◆ **Instructions for the task**
Repeat the data that follows, word for word, without the images.

◆ **Provided data**
Content starts

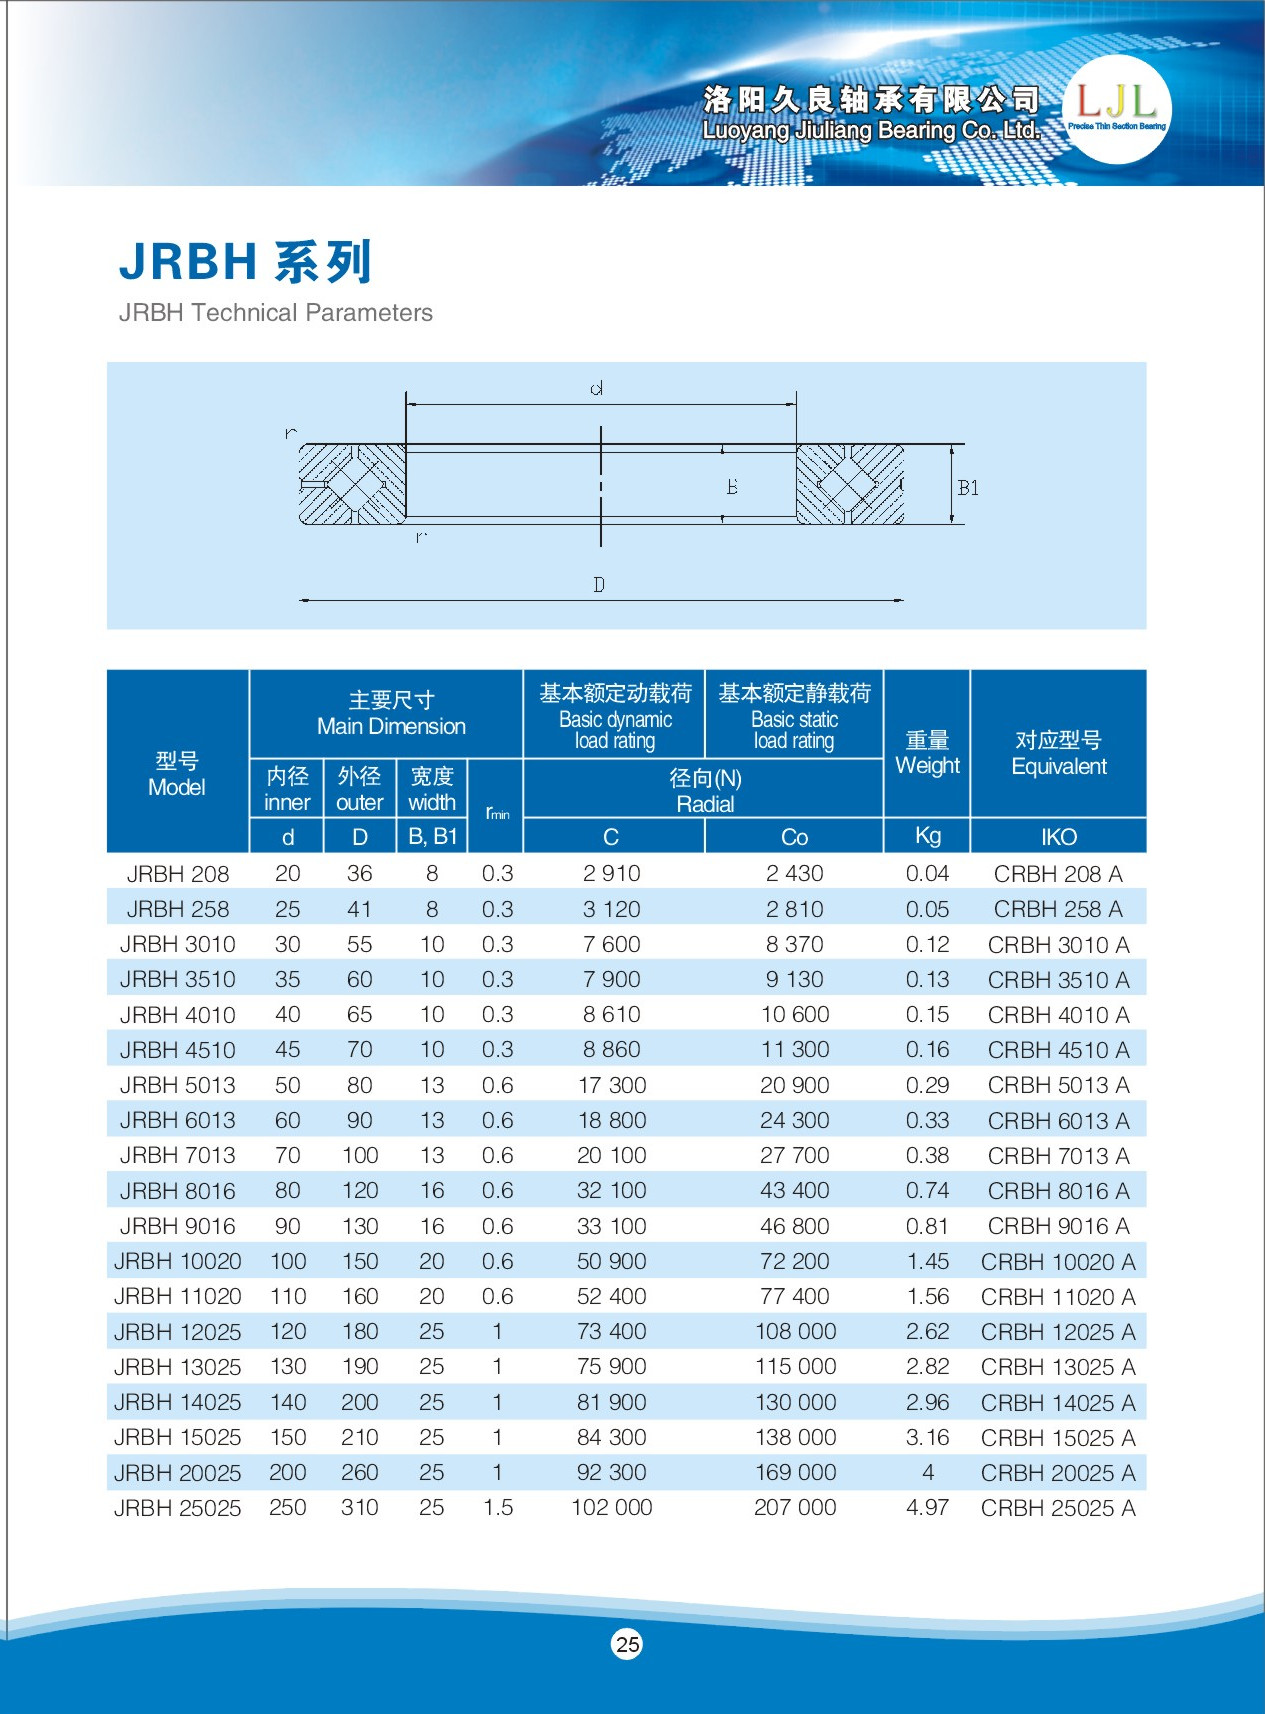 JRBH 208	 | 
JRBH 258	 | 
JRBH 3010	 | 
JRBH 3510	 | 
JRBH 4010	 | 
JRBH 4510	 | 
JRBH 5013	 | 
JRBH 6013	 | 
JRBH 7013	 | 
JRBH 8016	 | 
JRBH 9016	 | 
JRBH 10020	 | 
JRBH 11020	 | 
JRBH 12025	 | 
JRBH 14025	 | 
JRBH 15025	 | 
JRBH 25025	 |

Content ends

◆ **Answer for this exercise**
 JRBH 208	 | 
JRBH 258	 | 
JRBH 3010	 | 
JRBH 3510	 | 
JRBH 4010	 | 
JRBH 4510	 | 
JRBH 5013	 | 
JRBH 6013	 | 
JRBH 7013	 | 
JRBH 8016	 | 
JRBH 9016	 | 
JRBH 10020	 | 
JRBH 11020	 | 
JRBH 12025	 | 
JRBH 14025	 | 
JRBH 15025	 | 
JRBH 25025	 |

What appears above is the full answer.